Mon Sep 14, 2020, 04:29 AM
Sep 2020

If anyone ever got an idea to make music, it came from hearing a bird sing.

What's a bit of bird poop to see nature in all of her glory?

Hekate

(90,642 posts)
2. Great article at link. Everyone's cooperating to take care of both the birds and the symphony bldg
Mon Sep 14, 2020, 05:06 AM
Sep 2020

Purple martins, a threatened native bird, mix in with starlings, which are an invasive pest — so until the wildlife conservationists and birders got involved, all the people running the symphony house knew was that their beautiful limestone building was getting covered in bird poop and the branches of surrounding trees were bending under the weight of all those birds.

Now many humans in Nashville and beyond are cooperating to raise money to help the Orchestra pay for the pressure-hosing once the birds move on in their winter migration.

Happy ending.

North Shore Chicago

(3,312 posts)
3. Leave the birds alone.
Mon Sep 14, 2020, 05:34 AM
Sep 2020

We are fortunate to see nature doing what nature does.

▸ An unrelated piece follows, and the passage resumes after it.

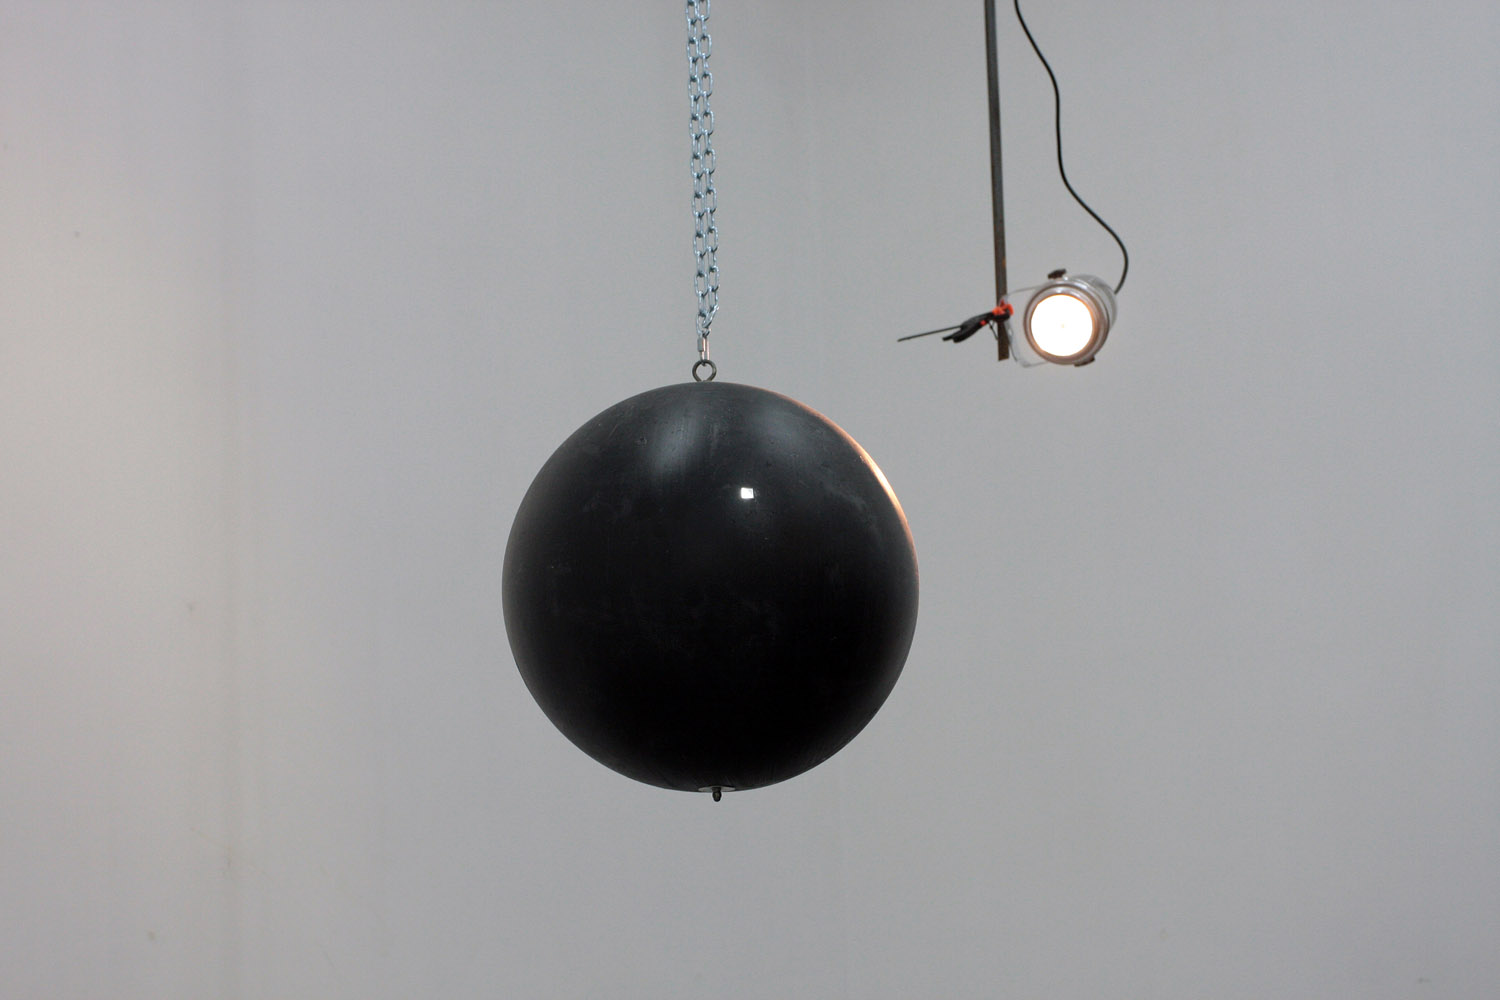 Untitled, 2010. Installation. Ball, mirror, chain, motor, spot light, reflection.

Stop the human interference (when possible.)

Submariner

(12,503 posts)
5. Enjoy the flights of these flocks while they last
Mon Sep 14, 2020, 06:52 AM
Sep 2020

It’s likely your kids/grandkids will never see it happen as our species marches on destroying species and their habitats.

BlancheSplanchnik

(20,219 posts)
6. Yep, population twice what it was 50 years ago
Mon Sep 14, 2020, 07:06 AM
Sep 2020

And no sign of stopping. 200,000 new people born every day... 60% of animal species already eradicated...
Human overpopulation is the overarching problem that no one wants to address.